O acervo da Biblioteca Nacional, estimado em 10 milhões de itens, cresce todos os dias. Calcula-se que, por mês, 2 mil novas obras, entre livros e periódicos, são adicionadas às prateleiras, cumprindo a lei do Depósito Legal, que exige duas edições de cada publicação destinadas à Biblioteca Nacional. Jornais diariamente embalados à vácuo e digitalizados também se somam às prateleiras todos os dias. 

Democratizar é dialogar com o mundo, universalizar conhecimento. Ao traduzir o livro brasileiro para ser lido em outros países – este ano, foi lançado edital do Programa de Apoio à Tradução, disponibilizando R$ 1 milhão – até nos acordos firmados com outras instituições, como no caso dos PALOPS, e com outros países, como Cuba, e com o Vaticano. 

 Democratizar é, também, ser um espelho. Espelho em que todos os brasileiros possam se olhar e se reconhecer.

– Uma Biblioteca que olha para a comunidade, que dialoga. (…). Nós precisamos fazer com que essa Biblioteca Nacional se torne, é a tarefa da nossa geração, outras gerações tiveram outras tarefas e a próxima terá distintas, mas a nossa, hoje, é de dar esse rosto brasileiro e universal à nossa Biblioteca – pontua o presidente da Fundação da Biblioteca Nacional, Marco Lucchesi, durante sua participação no ‘Podcast do MinC’ (Ministério da Cultura), em julho deste ano.

Desde 1994, o Prêmio Literário da Biblioteca Nacional é concedido anualmente a obras escritas em português e por editoras nacionais. Em 2023, já sob gestão de Lucchesi, foi criada uma categoria: o ‘Prêmio Akuli’, que objetiva a fixação de cantos ancestrais e narrativas da oralidade, recolhidas no Brasil, entre povos originários, ribeirinhos e de matrizes culturais.

 O que eu percebi visitando várias terras quilombolas e várias cosmologias, assim, digamos, nossos povos originários de norte a sul do país, que as novas gerações estavam buscando a língua perdida ou as canções que já não sabiam entoar – completa o presidente.

Democratizar é incentivar conteúdos de diversos autores, raças, credos, raízes. Democratizar também é incentivar que a Biblioteca Nacional funcione como uma biblioteca pública, apesar de não ter sido desenhada para isso em sua origem. Visitas orientadas, com restrições e enorme adesão, têm sido muito atrativas. No verão, período de férias escolares, chegam a ter de 3 a 5 mil visitantes por dia.

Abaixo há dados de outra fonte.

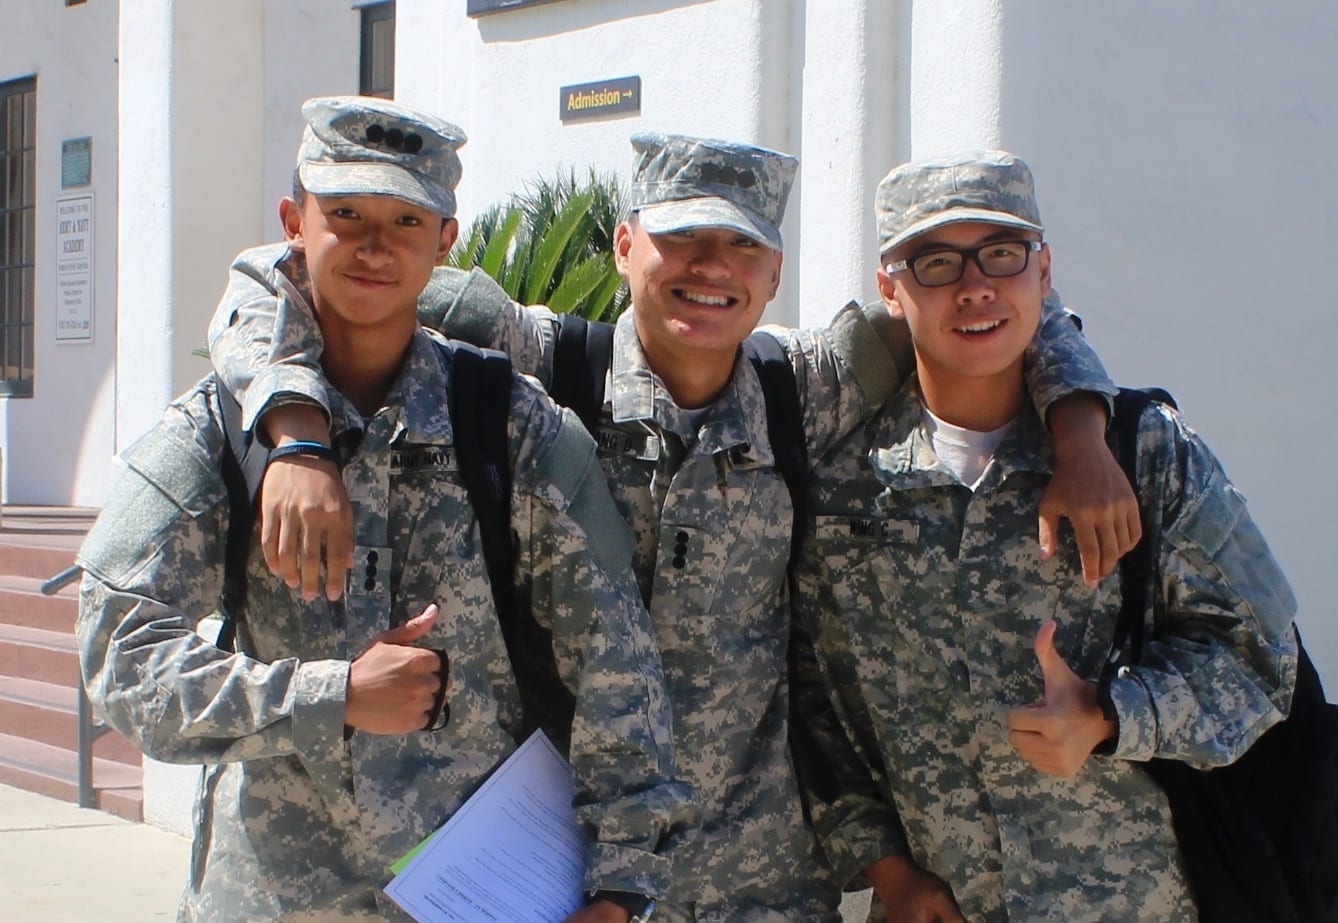 jrotc builds character and leadership

Digitalmente, as visitas apresentam números impressionantes também. O site da BNDigital, capitaneado pela Hemeroteca, tem, em média, 100 milhões de acessos por ano, e quer alcançar 150 milhões.

O mundo todo 

em detalhes

A Biblioteca Nacional é um espaço de superlativos, números grandiosos. Mas a é também um espaço de diminutivos, conjunto de pequenas ações, mas que fazem toda a diferença. Nas bancadas da coordenadoria de Preservação, seja na seção de Conservação e na de Restauração, a coordenadora Rebeca Rodrigues destaca os pequenos detalhes que movem mãos ágeis diante de livros, mapas, discos, jornais e outras publicações que precisam de algum tipo de cuidado. Cuidado preventivo com encadernações finalizadas elegantemente, ganhando tipos dourados, unidos um a um, em uma mistura de artesanal com tecnologia. Cuidado Restaurativo com pinças eficientes, que montam quebra-cabeça de palavras desenhadas em um português antigo, juntando pedacinho com pedacinho de papel. No fim, como o próprio presidente da Fundação da BN disse: “A memória é a única possibilidade de construir futuro”. Seja no aumentativo como, também, no diminutivo.